BANDUNG, itb.ac.id - Three Mining Engineering students from the Bandung Institute of Technology (ITB), class of 2024, won first place in the ISMC XV Paper Competition through their innovative use of nickel industrial waste to create value-added materials for electric vehicle batteries. This event is a practical mining competition organized by the Bandung Institute of Technology Mining Student Association (HMT-ITB) for the 15th time at ITB since its inception in 1998.
The team, consisting of Kornelius Candra Hutabarat, Adyatma Putra Fausta Hariyadi Said, and Nikolo Albertgati Barasa, presented a project titled “Low-Cost Production of LFP Battery Cathodes from HPAL Nickel Tailings: A Techno-Economic Feasibility Study and Circular Business Model at IMIP Morowali.”
In their work, the team addressed the issue of the high volume of tailings from the High-Pressure Acid Leaching (HPAL) process, a method commonly used to process low-grade nickel in Indonesia. They highlighted that the production of 1 ton of nickel can generate up to 100 tons of tailings, which have not been optimally utilized to date.

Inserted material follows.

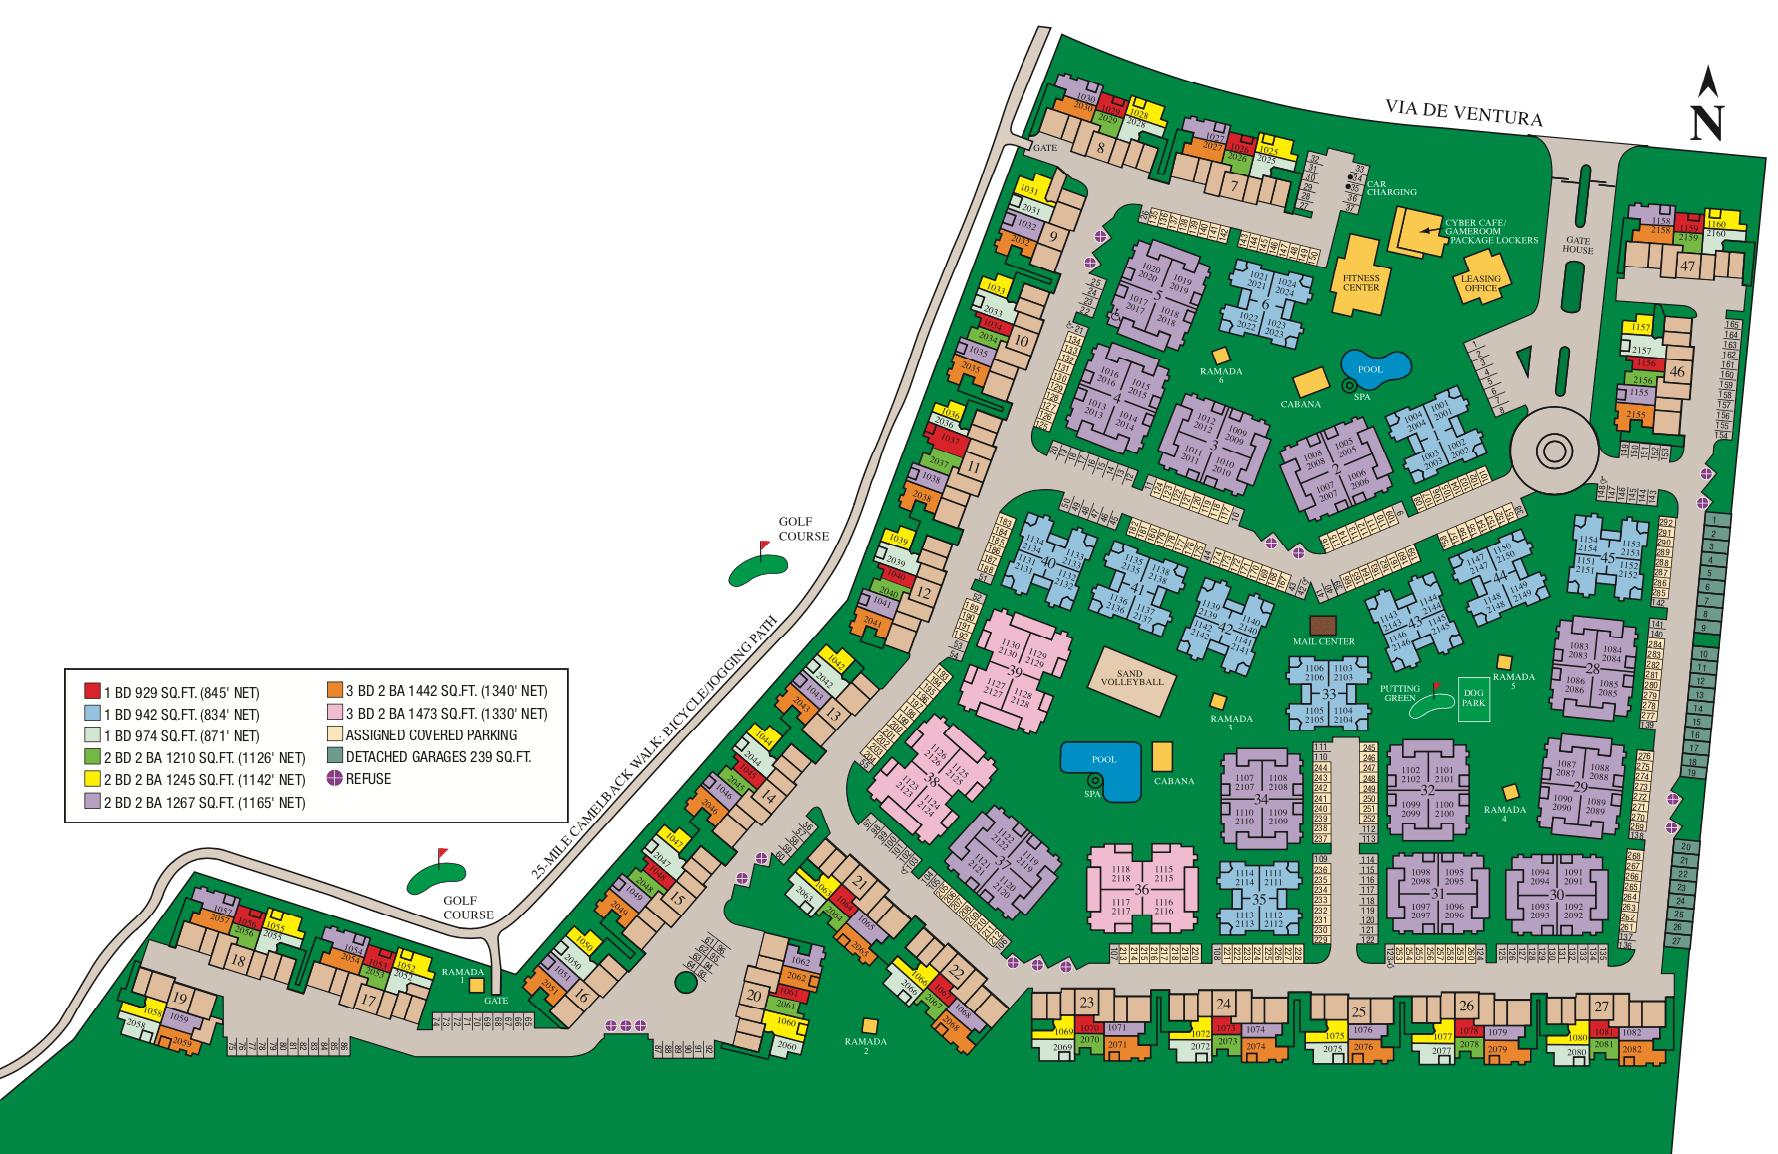 Site map of San Antigua in McCormick Ranch in Scottsdale, AZ

Based on this situation, the team conducted a literature review and found that HPAL nickel tailings still contain significant amounts of iron (Fe). This content then became the basis for developing the idea of processing it into raw material for Lithium Iron Phosphate (LFP) battery cathodes.
“We see a huge opportunity in waste that has not been utilized until now. The iron content in these tailings can be processed into key components for LFP batteries, the use of which continues to grow,” Kornelius Candra Hutabarat said.
The selection of this topic is also closely tied to the global context, particularly the energy transition and net-zero emission targets. The growing demand for electric vehicles is driving a significant increase in battery demand. Although Nickel-Manganese-Cobalt (NMC)-based batteries remain dominant, the trend is shifting toward LFP, which is considered more stable, safer, and more economical.
During the development process, the team focused not only on technical aspects but also conducted a comprehensive assessment of economic feasibility and business models. They leveraged the context of the integrated industrial zone at IMIP Morowali, which enables supply chain efficiency due to the availability of raw materials such as lithium and iron within a single region.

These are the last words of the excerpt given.